Spade didn't do that though. He let me cry and sat next to me, scratching my head and playing his game. I hadn't stopped sobbing yet, and by now I was hyperventilating to the point I felt like I was gonna vomit and my fingers/toes were starting to tingle.
"Hey hey, you gotta take a breath. You're gonna make yourself sick," Spade informed me, helping me sit up. He made me put my knees to my chest and my head on my knees, coaching me into breathing right.
"Try it, in for 5 out for 5," He encouraged me, roughly rubbing my spine. I couldn't get a breath, in or out, for more than half a second so he moved to something else.
"You can feel me, right?" He asked.
"Mhm," I hummed but it was broken.
"Let me get you something," He quickly told me before pulling away. I tried to breathe right but I only got to try for a couple of seconds before he came rushing back in with an ice cube. He handed it to me and held my hands in his.
"You feel it?" Spade asked. I think this is grounding of some sort, but it's working so I don't mind. I nodded and tried to focus on it.

"It's cold right?" He asked before answering himself, "I mean, I'd hope so since it's ice," I held it tighter and noticed my breathing slowly fade back to my regular pace. The ice was starting to hurt my hands at this point.
"Owie," I whined but didn't try and hand it to Spade. I didn't really mind it, but I couldn't keep the noise of discomfort to myself this time.
"Can I have the ice?" He asked eventually so I dumped what was left in his hands. It had started to melt in mine. I rubbed the water into them and held both up to my face. I was burning up. Spade left and came back, ice no longer in his hands, and sat next to me.
"You want to lay down?" He offered. I nodded and rested on my back, wrapping my arms around my torso like a hug. I still felt lonely and abandoned, I just wasn't having a panic attack anymore. I actually ended up moving into the other room to lie down, just cause it was empty and I felt like being alone since that's how I felt anyways. I stayed in my room the entire day until Jacob came home. I had spaced out and napped a lot, but when I was awake I held myself or Jupiter. Jacob walked in and there was something I felt from my chest to my stomach. I want so badly for him to want me, but it isn't all about me. He's important too. At the same time, I don't want him to apologize. He can't take back how bad he made me feel.

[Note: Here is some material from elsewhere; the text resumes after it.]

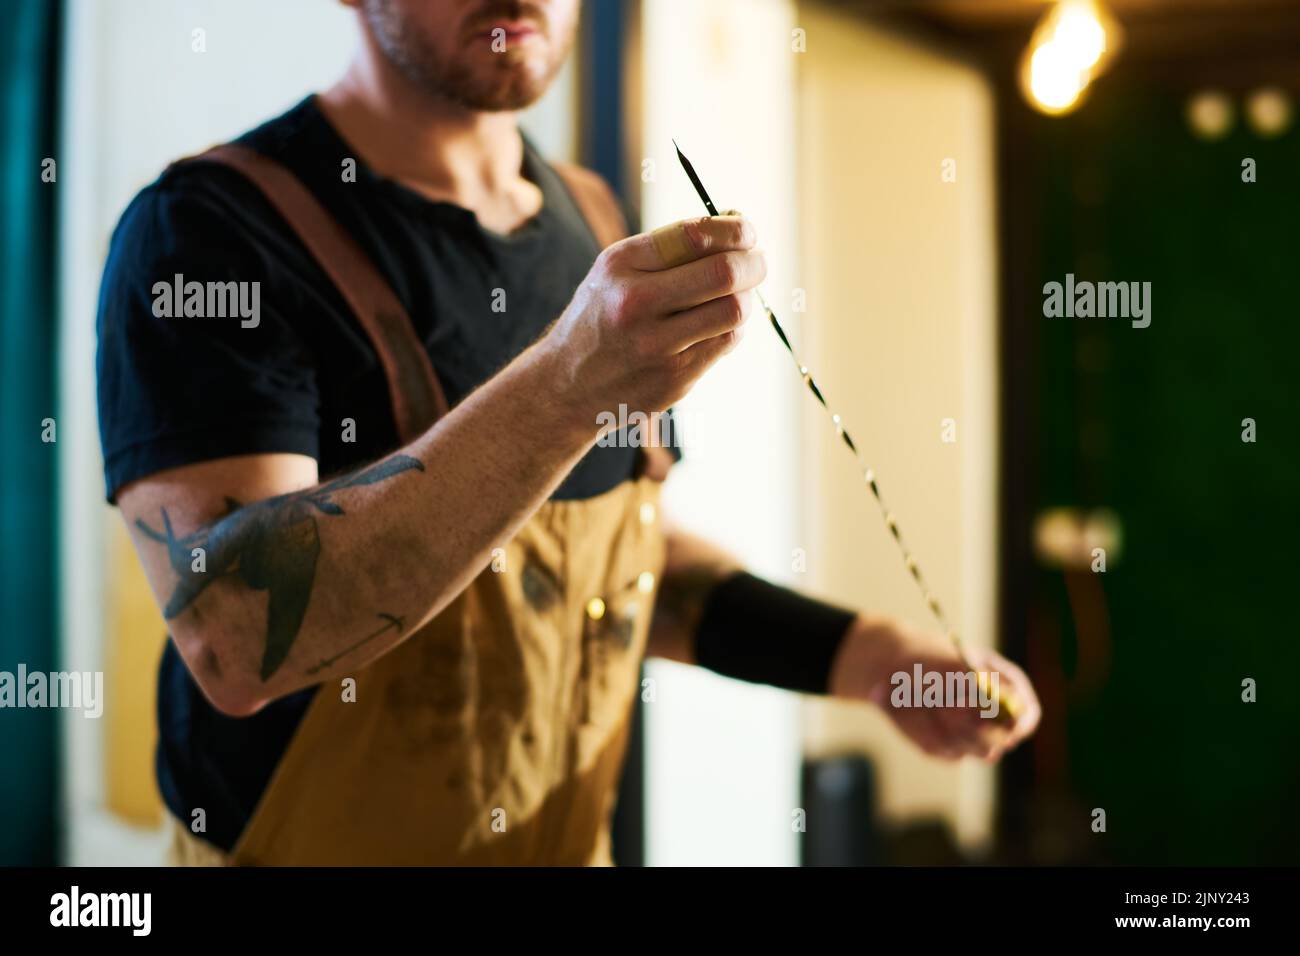 Técnico joven en el delantal que sostiene un alambre metálico afilado mientras prepara el instrumento de trabajo para comprobar el motor de un vehículo roto Foto de stock

"Hi, Babe," He softly greeted me. I mumbled a small hi and didn't look up at him. I don't want to start crying again even though I probably will anyways.
"Spade told me you had a panic attack..." He commented. It didn't sound mean but more just conversation. I shrugged and tried to get under the covers a little more.
"I didn't mean to trigger you like that, I just needed to calm down," He explained. For a second it made me mad. He said he wasn't gonna yell at me the next time he was overwhelmed but he didn't. At first, it made me angry, but then it made me feel sad. Like I wasn't worth keeping promises for.
"You said you wouldn't..." I whispered, shivers running down my spine.

"I know, I'm sorry," He repeated, sitting on the edge of the bed.
"Ya," I mumbled. I need to get out of my bad mood but I don't know how. I just want Dady to give me love.
"Papa," I whispered, reaching up for him. He picked me up and held me close, telling me he loved me so much.
"You're absolutely perfect, Baby, I can't imagine you any other way," He gently told me.
"Dady, I lovies you," I sniffled, rubbing my face.
"Aw, I know you do. I love you too, Bubba," He said, rubbing my back.
"Did you eat while I was working?" Papa asked, already carrying me out to the dining room.
"Mmm, no..." I mumbled. He hummed and set me down, starting to look through the cabinets and fridge.
"What do you want, Baby?" He asked. I peeked into the cabinet he was looking at and skimmed over the labels.